For high-stakes decisions with multiple diverse perspectives, it can help to break down the aggregated scoring in a few ways. Use the 'Richer breakdowns' template.

  • If you want to know whether there's disagreement, you could look at the standard deviation (or just the range between lowest and lowest scores) between people for each structured criterion for each idea. In other words, if the scores for Ease on Idea 1 range from very low to very high, it's important to notice that discrepancy, and talk it through.
  • Maybe you only want to work on low-hanging fruit (i.e. it has to be at least medium-easy). Or indeed, maybe you're looking to swing for the fences, and so it helps to filter for highly-valuable ideas. Or in practice, perhaps you want a portfolio that balances a few of each.
  • Sometimes it makes sense to multiply rather than average the criteria scores. For example, if you're scoring 1-5, and you have multiple criteria (i.e. not just Ease and Value), then multiplying will penalise ideas that have *any* very-low scores.
  • What about individual variation between raters? Perhaps Person A is much more optimistic than Person B? It helps to have a *short* discussion beforehand about what you mean by 'Ease' and 'Value' - most useful of all, work through a few reference examples to help people calibrate. But beyond that, don't worry too much about noise. Systematic inter-person variability (e.g. one person being more optimistic) will affect the absolute scores, but won't much distort the ranking. And with multiple, *independent* raters (i.e. not being biased by each other's answers), the noisiness will mostly wash out.

How to run the post-ranking discussion?

I don't have such neat, prescriptive advice for how to run the discussion after the ranking.

If it's low-stakes, you could:

  • Just stick with the aggregated rankings.
  • Give a single person the final say to slightly reorder the top handful.
  • Borrow from Planning Poker rules, i.e. ask the person with the highest and the person with the lowest scores to each briefly share their reasons, and then use a simple decision procedure to adjust scores/rankings following that.

If it's high-stakes, maybe the discussion focus should be on what further information would inform the decision, then reconvene after gathering that information.

Notion vs Google Sheets

As a rule, I've come to prefer Notion to Google Workspace. But for ease/value rankings, I favour Google Sheets, for a few reasons:

  • Cell-level comments. In Notion, you can only comment at the level of a row. This makes it harder for each person to comment on their particular criterion and score (e.g. my score for Ease for Idea 1).
  • Conditional formatting. Google Sheets can colour cells automatically based on a colour-scale you define, relative to a range or other cells, so that you can [see at a glance](https://en.wikipedia.org/wiki/Parallel_processing_(psychology)) which idea-rows look best, or where there's disagreement.
  • Easier to add new users. The sheets in the template are built for 3 people, but it's fairly easy to add more people in Google Sheets. Just right-click on the columns for Person 2 (the middle of the 3), and insert a new column to one side. That'll automatically update the aggregation functions (which include all the cells between a range). You still have to do this in three places (for Ease, for Value, and for Overall), but it's fairly straightforward.

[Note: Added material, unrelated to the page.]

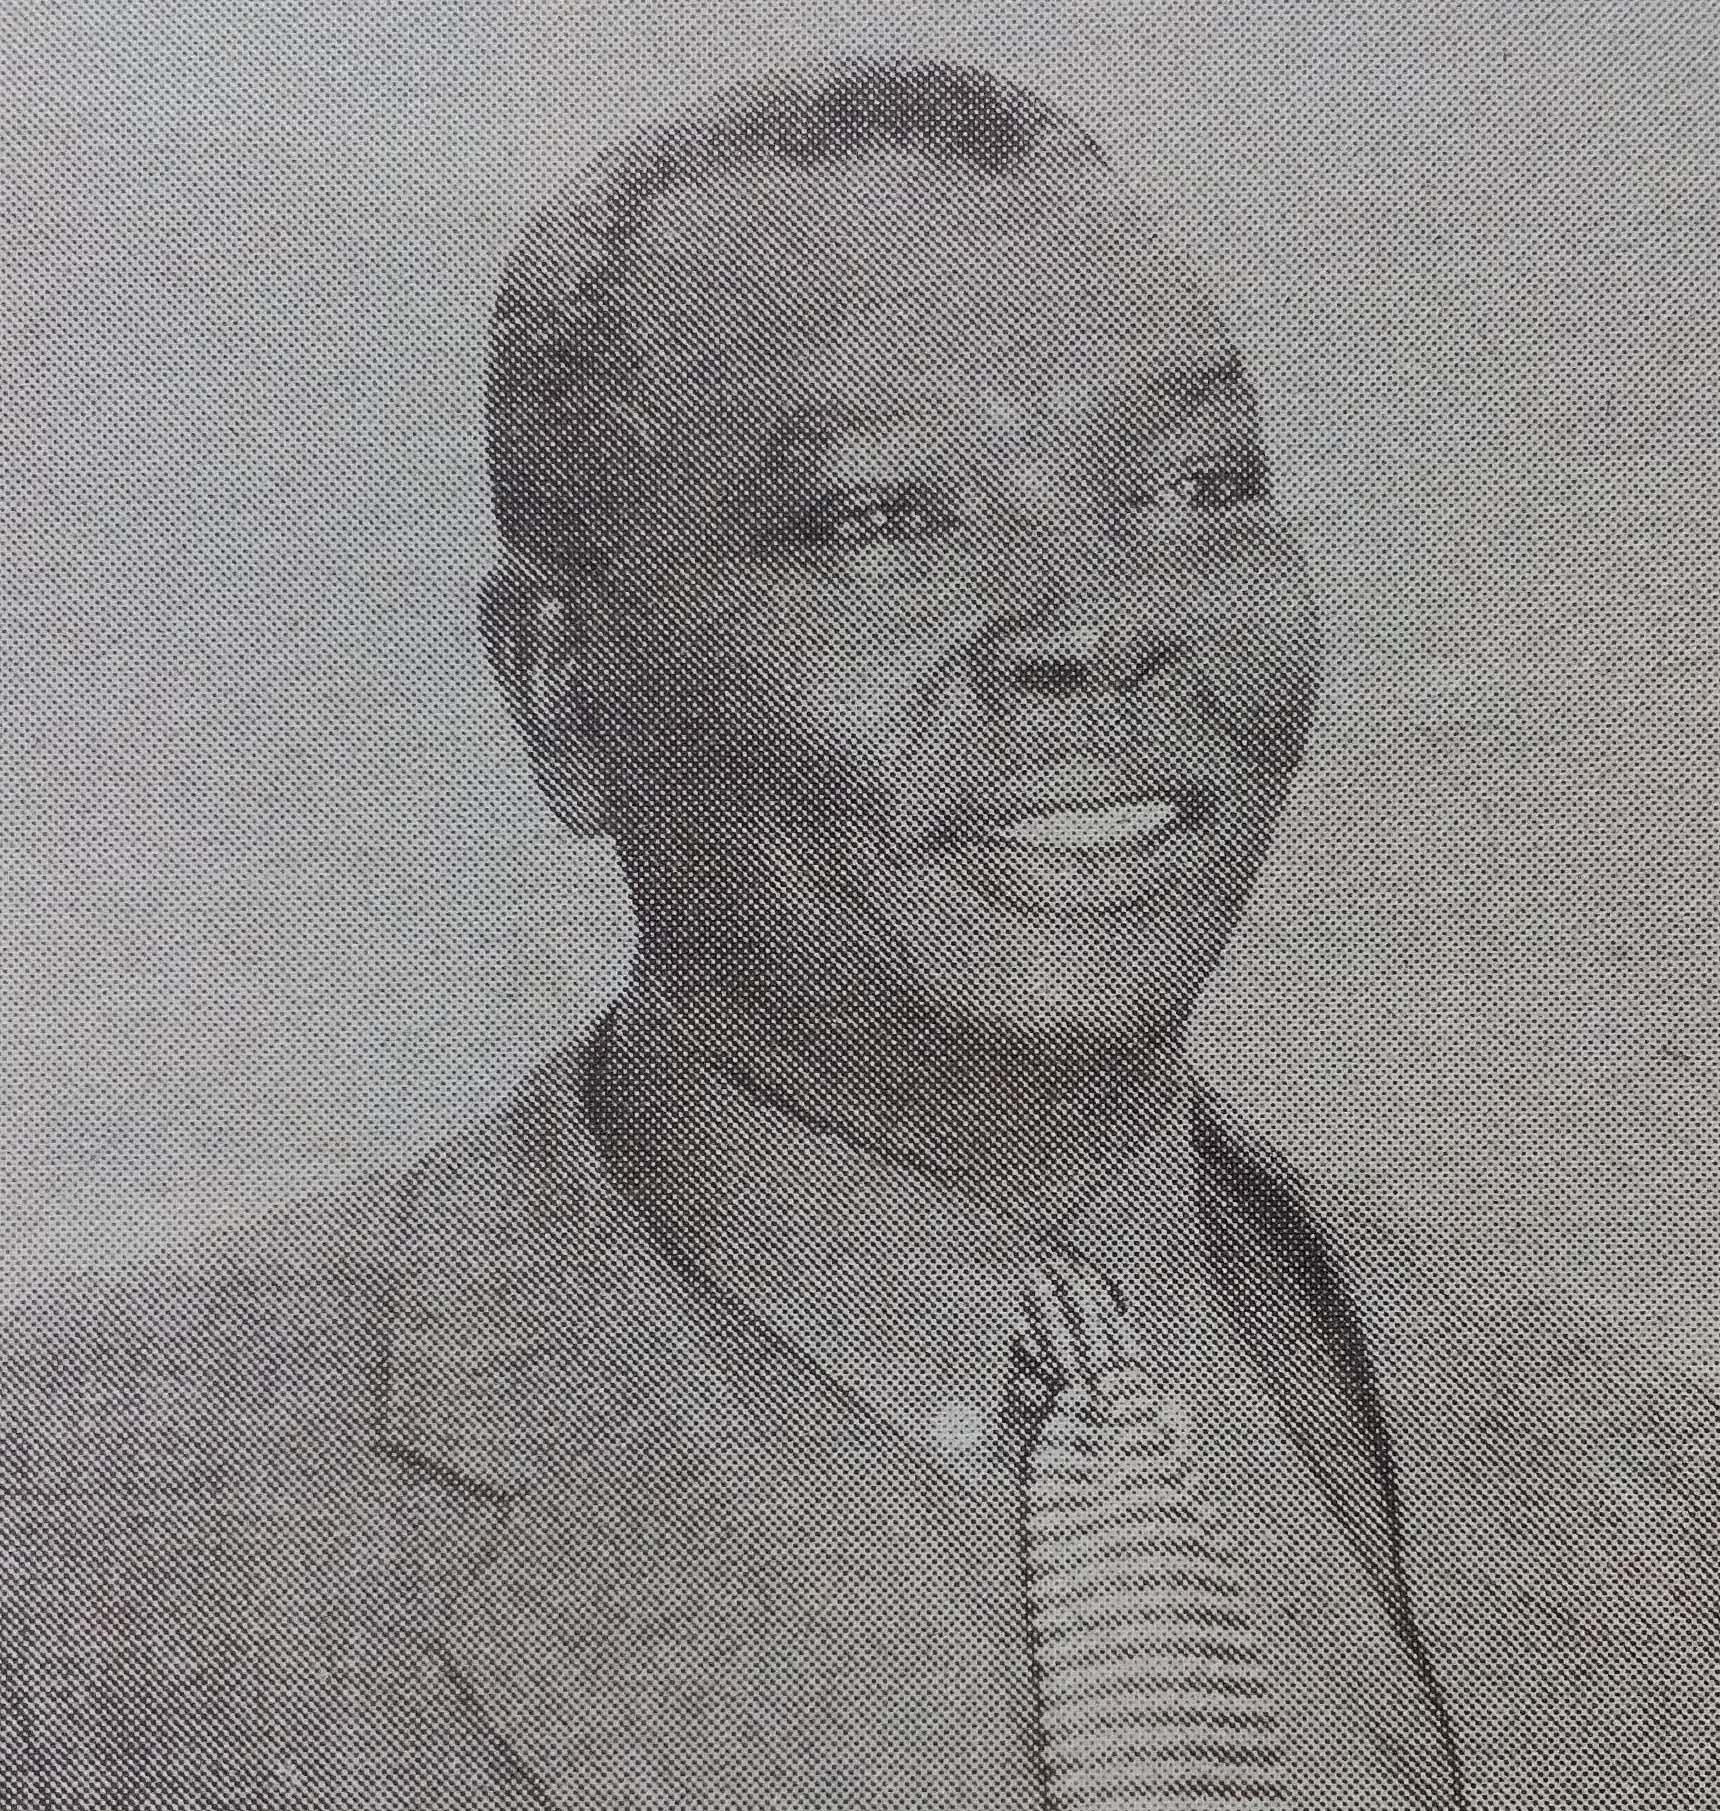 Obituary Image of Stephen Uno Charles Ikenye

In contrast, I think this would involve a lot more fiddliness to add new people for Notion, including updating all the aggregation equations.

I'm sure Microsoft Excel or similar would be fine too, as long as they support multi-user collaborative editing.

I have a better way of doing things!

If you've found a way to improve things, I would love to hear from you.

In practice, experiment, and use your judgment. Context matters when picking the best approach for a given decision, team, or moment.